> _DATASET RECORDS_:
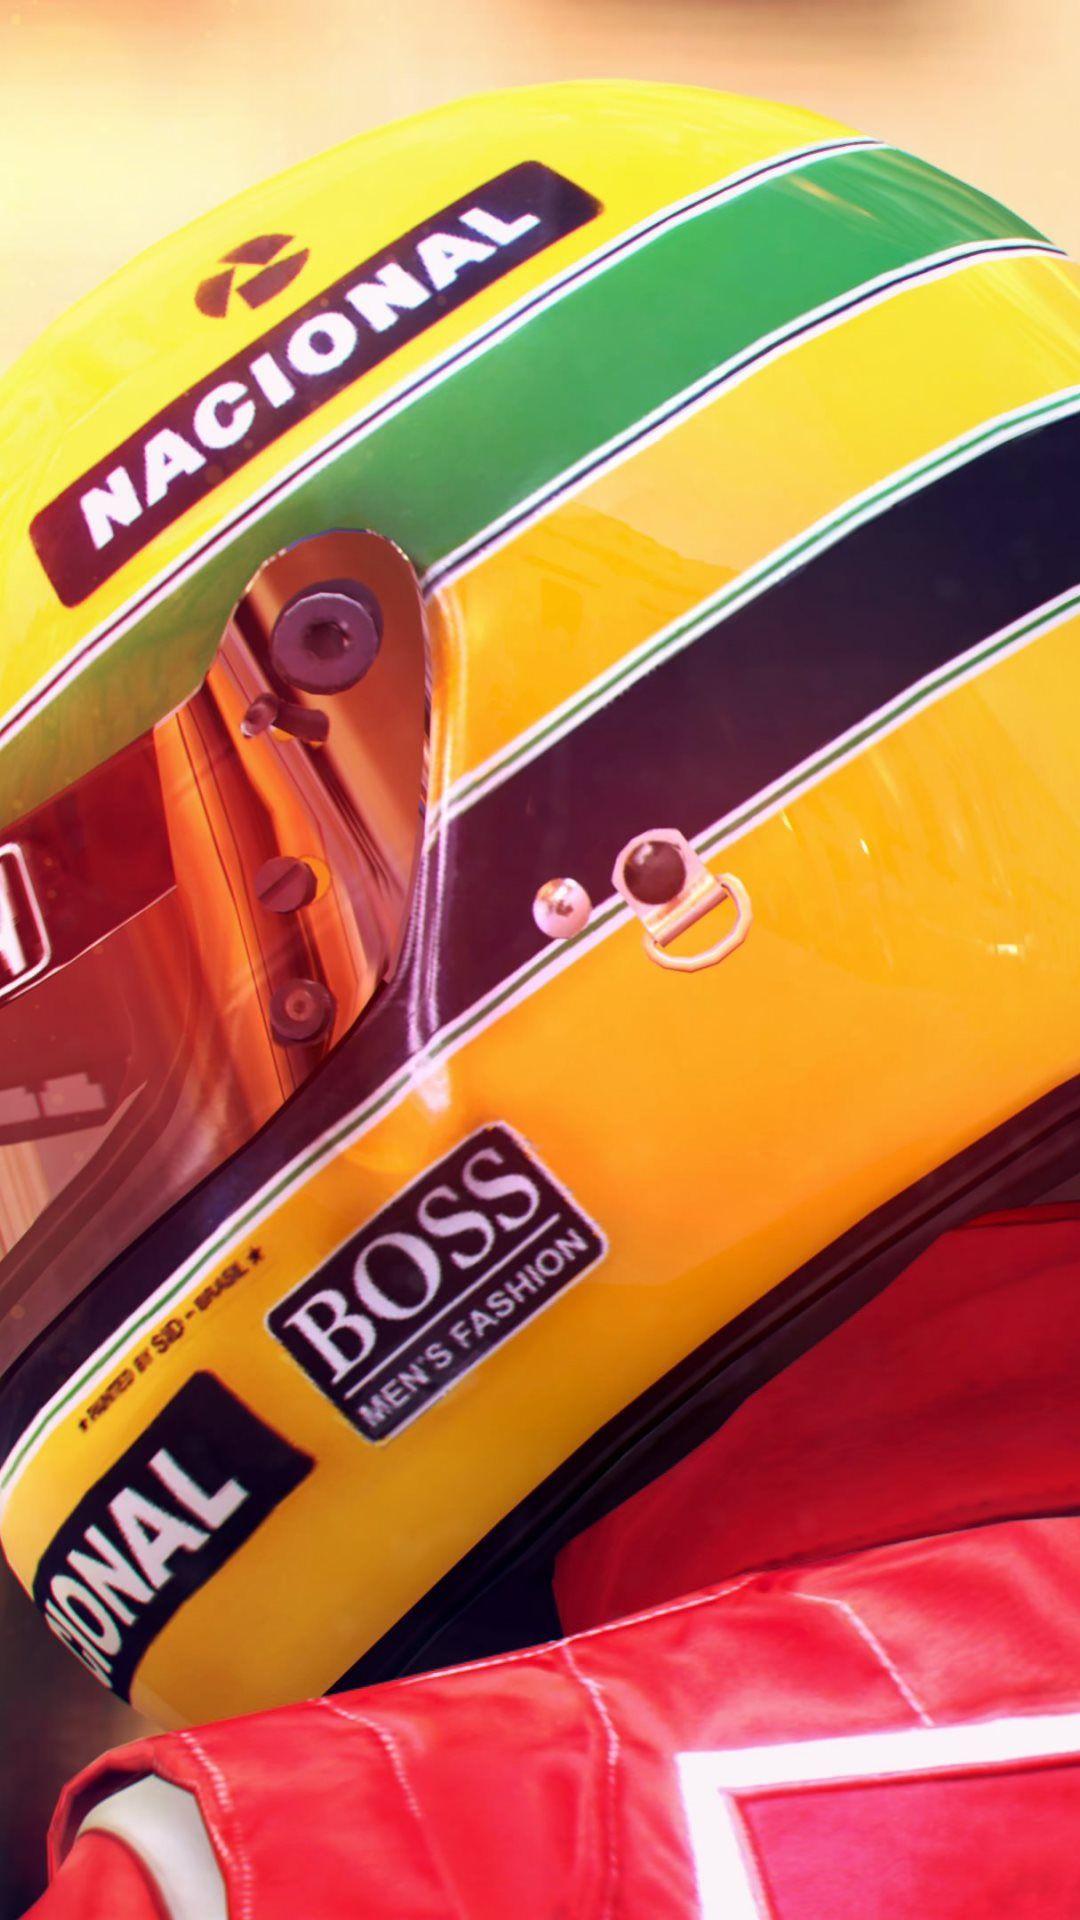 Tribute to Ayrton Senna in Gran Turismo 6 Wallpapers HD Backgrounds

--

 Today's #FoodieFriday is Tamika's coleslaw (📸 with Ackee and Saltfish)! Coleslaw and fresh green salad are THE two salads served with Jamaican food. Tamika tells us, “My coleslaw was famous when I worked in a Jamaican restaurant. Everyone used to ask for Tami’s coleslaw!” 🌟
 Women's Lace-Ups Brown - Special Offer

...

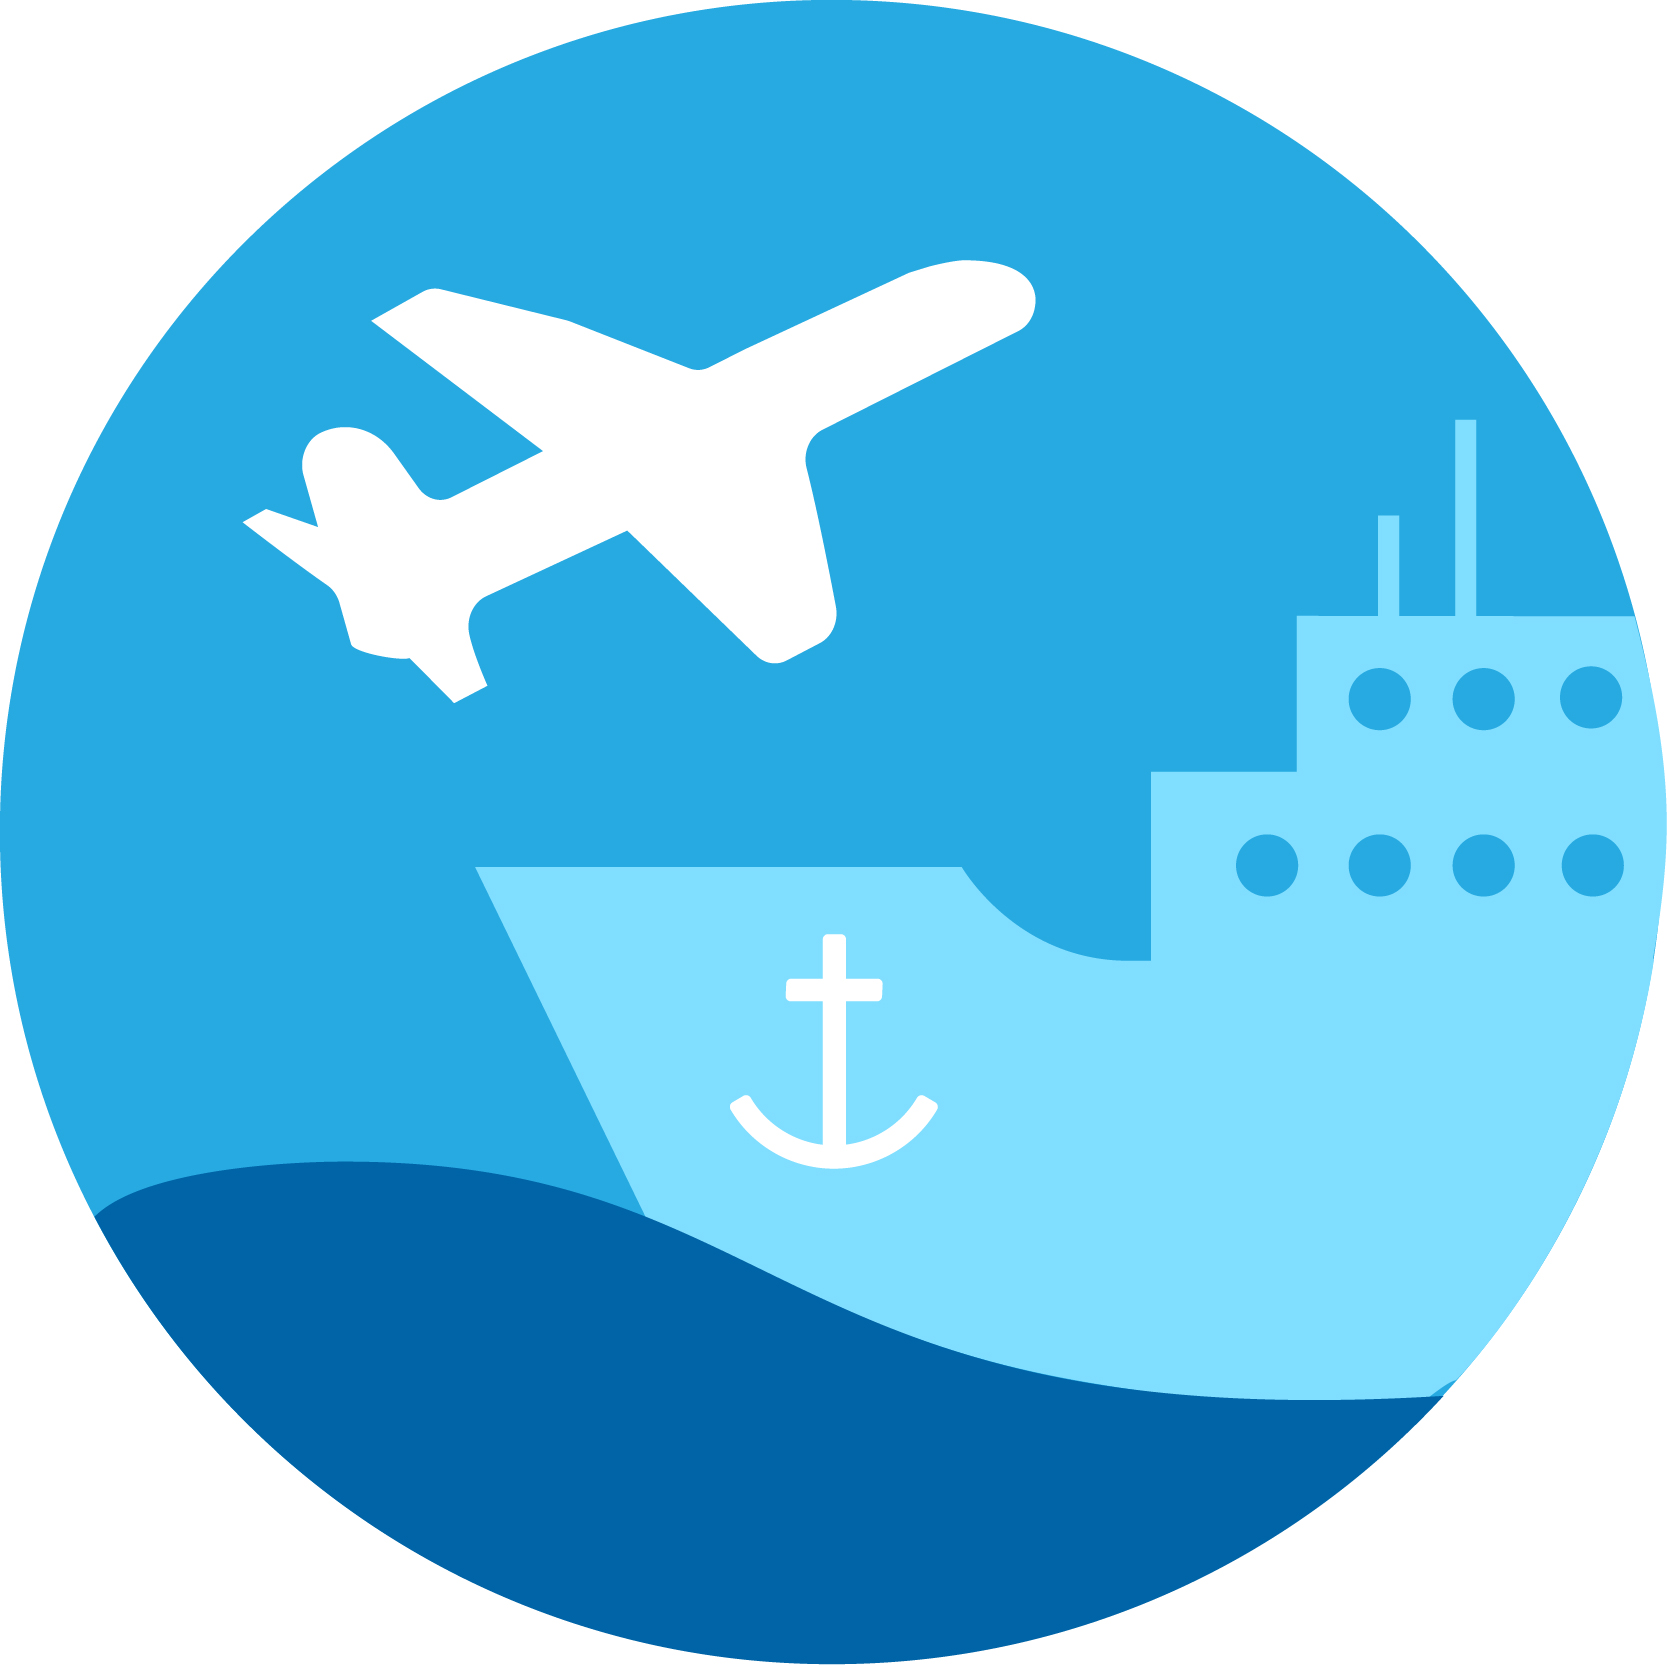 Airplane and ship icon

> _TASK REQUIREMENTS_: From the data above, output only the lines between the line containing "Today's #FoodieFriday is" and the line containing "Women's Lace-Ups Brown - Special Offer", inclusive, exactly as written.

> _FINISHED TASK_:
 Today's #FoodieFriday is Tamika's coleslaw (📸 with Ackee and Saltfish)! Coleslaw and fresh green salad are THE two salads served with Jamaican food. Tamika tells us, “My coleslaw was famous when I worked in a Jamaican restaurant. Everyone used to ask for Tami’s coleslaw!” 🌟
 Women's Lace-Ups Brown - Special Offer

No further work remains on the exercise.